The Moment I Realized Run Is the Product
At the beginning, I spent a lot of time on prompt wording, role setup, and output formatting.
It helped a little. But the painful failures came from execution: commands hanging forever, risky commands sneaking in through chained syntax, repeated mistakes, and loops that should have stopped but did not.
That was the turning point.
For an SWE-style agent, run management is not a helper utility. It is the product.
Runtime Design (Small, But Intentional)
I kept the runtime as a short pipeline with clear boundaries. Each stage owns one problem.
flowchart TB
subgraph Stage1[Input]
C1[Conversation State]
end
subgraph Stage2[Generation]
C2[LLM Call]
end
subgraph Stage3[Validation]
C3[Parse Bash]
C4[Safety Gate]
end
subgraph Stage4[Execution]
C5[Runner with Timeout]
end
subgraph Stage5[Feedback]
C6[Observation + Intervention]
end
C1 --> C2 --> C3 --> C4 --> C5 --> C6 --> C1
This is not about elegance. It is about control.
Parse step
I only execute what is inside a bash block. If parsing fails, I do not “best effort” anything.

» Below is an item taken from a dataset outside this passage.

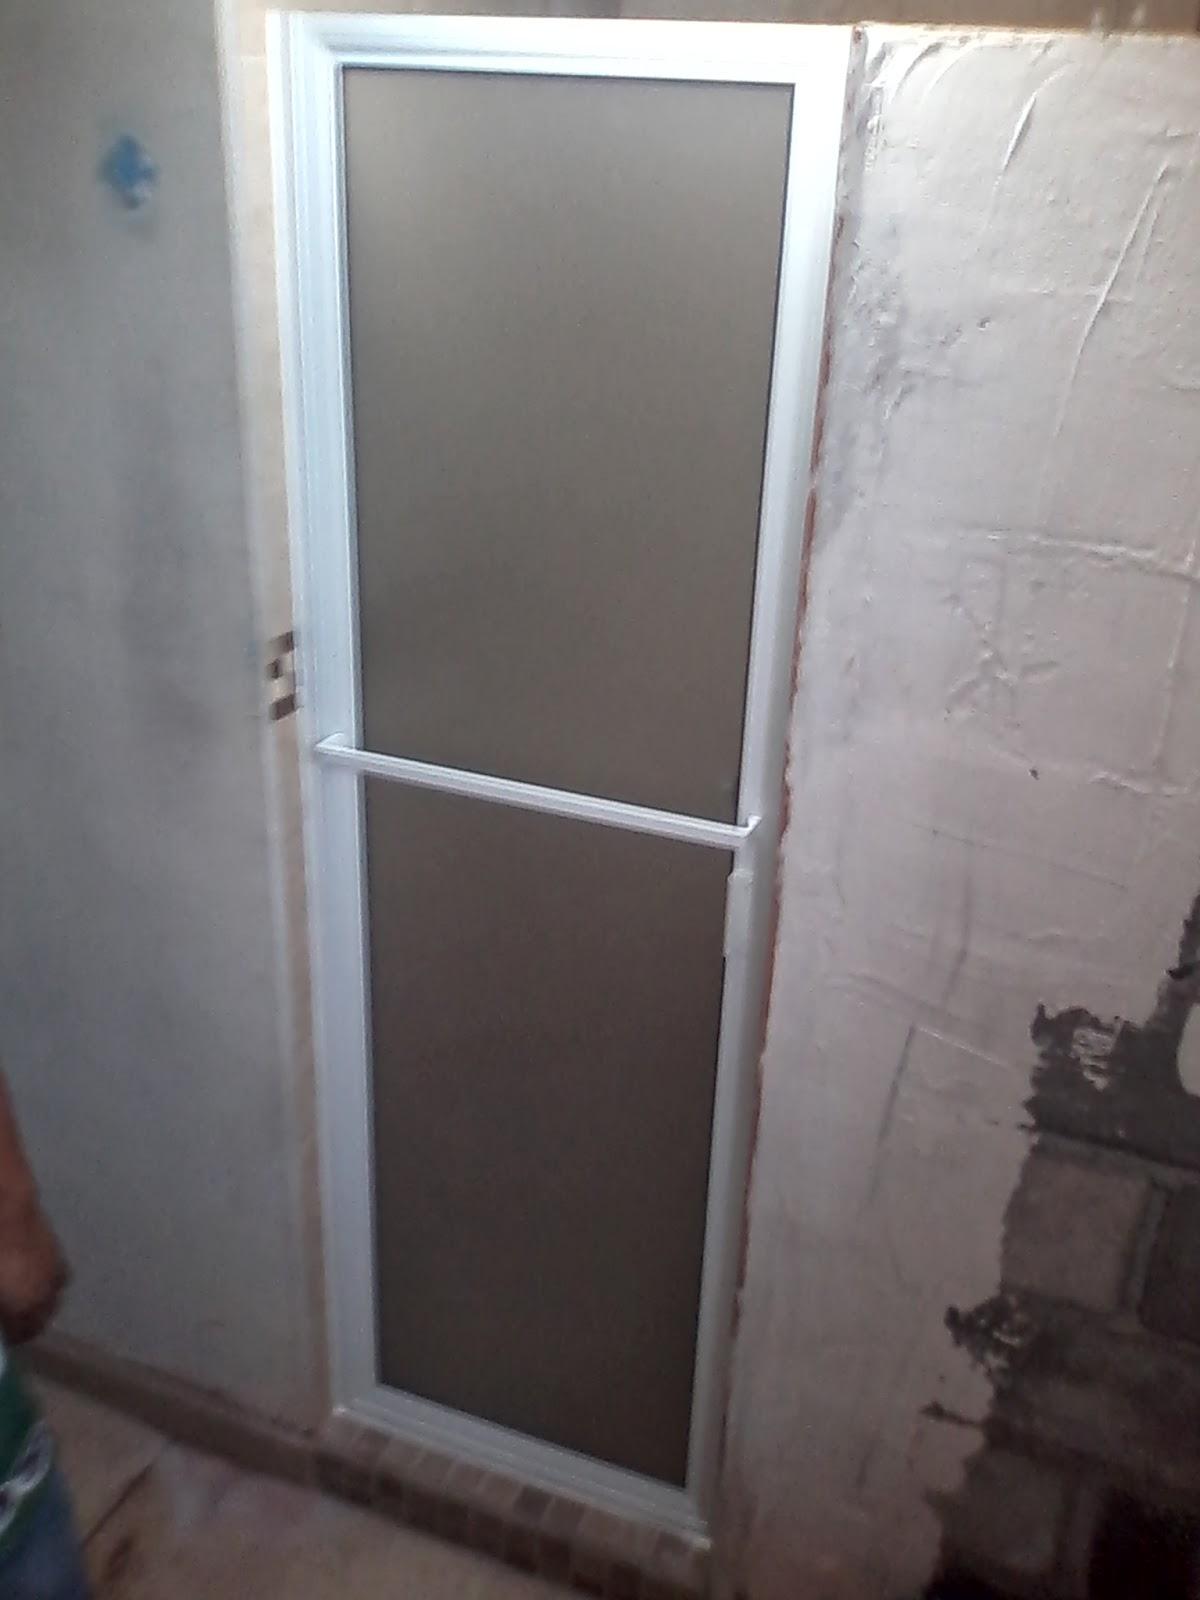 Laminas De Aluminio Para Puertas De Baño:Puertas, ventanas de aluminio: PUERTA BATIENTE DE ALUMINIO CON

I just return a parsing error and ask the model to try again with a valid block. That single constraint removed a lot of weird edge cases.
Safety step
I use moderate guardrails.
Enough to block obvious dangerous commands, but not so strict that normal coding actions become impossible. The policy blocks destructive system-level commands, common bypass tricks through command chaining, and escape-like path patterns.

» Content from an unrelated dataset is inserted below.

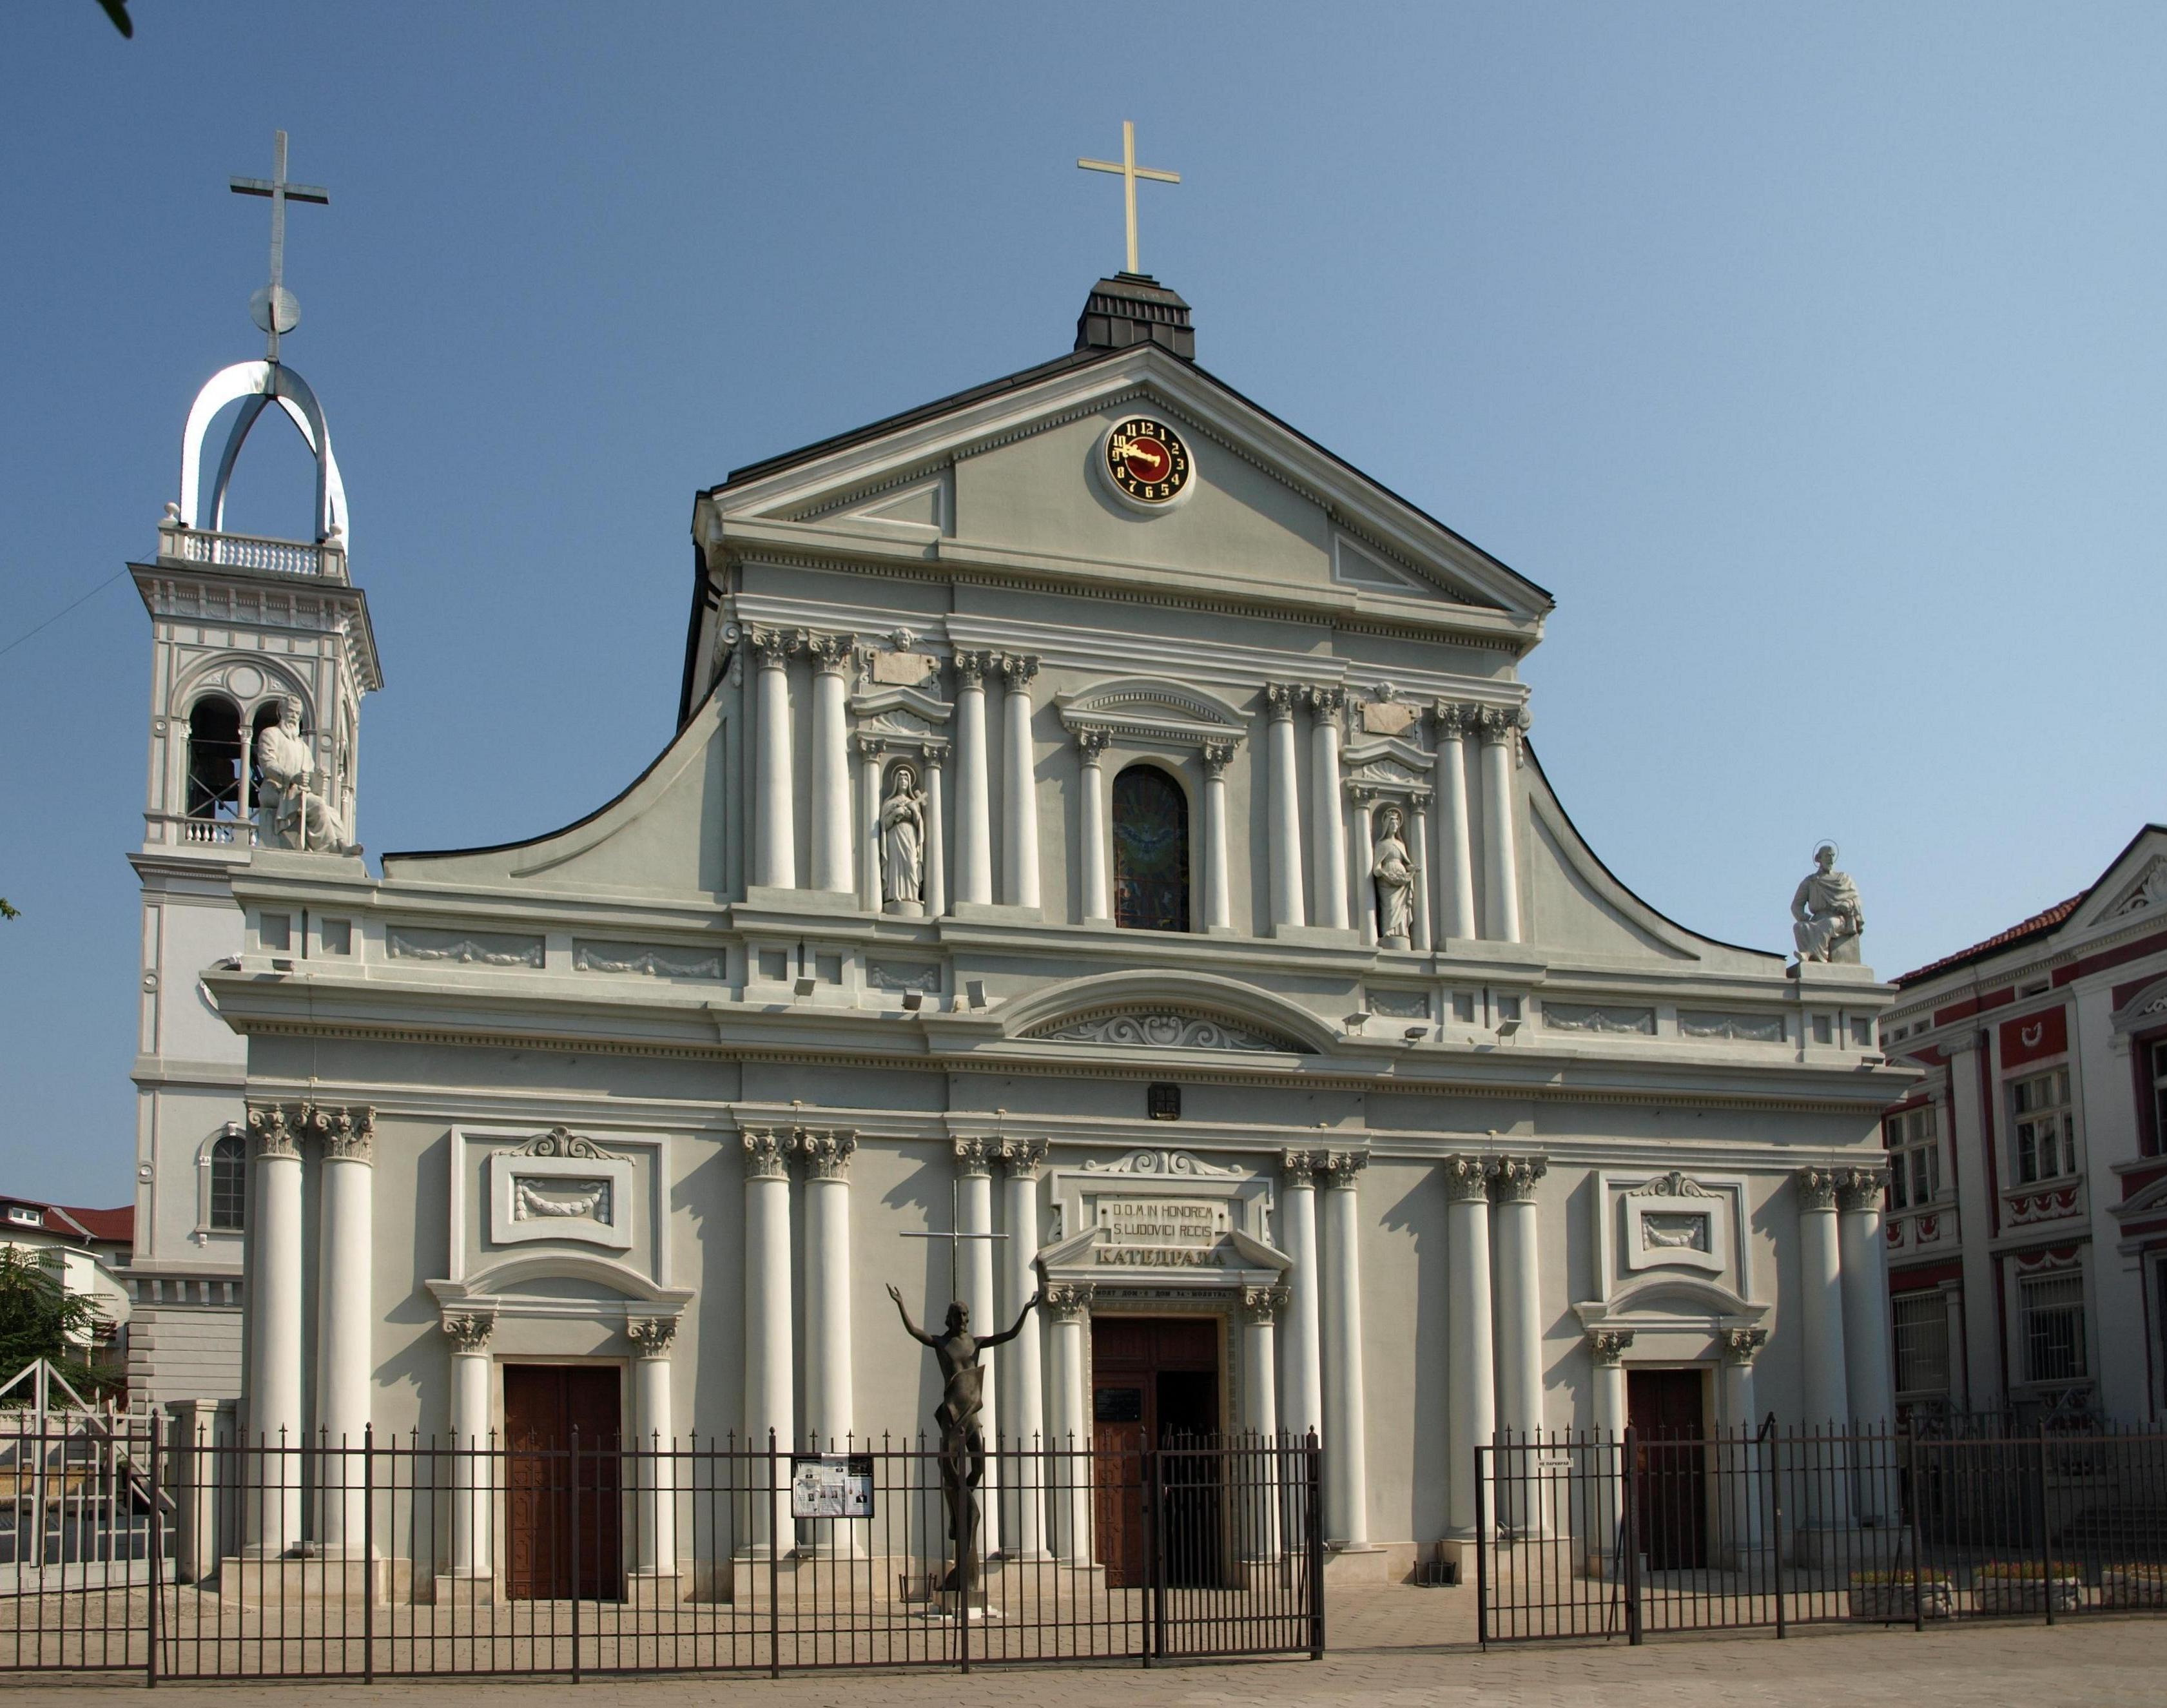 incontri Fast Catholic Luchs di matchmaking

At the same time, it still allows standard coding operations like editing files and running tests. That tradeoff is intentional. This is an experiment project, and if the policy is too strict, you get “safe but useless.”
Run step
Each turn is single-step execution with a timeout.
No hidden background jobs. No complicated scheduler. I want one action in, one observation out.
This gives predictable failure boundaries, cleaner logs, and faster debugging when behavior gets weird.
sequenceDiagram
autonumber
participant M as Model
participant P as Parser
participant G as Safety Gate
participant R as Runner
participant H as History
M->>P: Response with bash block
P->>G: Parsed command
alt rejected
G-->>H: rejection reason
else allowed
G->>R: execute with timeout
R-->>H: stdout or stderr
end
H-->>M: next-turn context
Failure handling step
I do not kill the run on the first error. I classify the failure and feed it back.
If the safety gate rejects a command, I explain why and ask for a different approach. If a command times out, I return that timeout as observation. If the exact same error appears three times in a row, I inject an intervention message to break the loop.
That intervention logic is tiny, but in practice it prevents a lot of useless retry cycles.
Done step
Right now, done is intentionally simple: either the model emits exit, or the loop hits the max step limit.
Later, I will probably tighten this by requiring exit plus a passing test. For the MVP stage, the current rule keeps momentum without overbuilding.
stateDiagram-v2
[*] --> Loop
Loop --> Rejected: safety fail
Rejected --> Loop: feedback added
Loop --> Executing: command allowed
Executing --> Loop: observation returned
Loop --> Success: model emits exit
Loop --> Stopped: max steps reached
Success --> [*]
Stopped --> [*]
What Is Still Missing
This is still an MVP, focus on the pricipal loop and the most painful failure modes.
AAnd there are many obvious missing pieces. For example:
- No memory system. The model only sees the last turn’s conversation. That makes it hard to do multi-step tasks that require long-term context.
- No tool use. The agent can only interact with the environment through bash commands. It cannot use external APIs, search the web, or call other agents.
- No state management. The agent does not have an explicit representation of the world state. It has to infer everything from the conversation history and observations.
- No learning or adaptation. The agent does not improve over time. It does not learn from its mistakes or successes.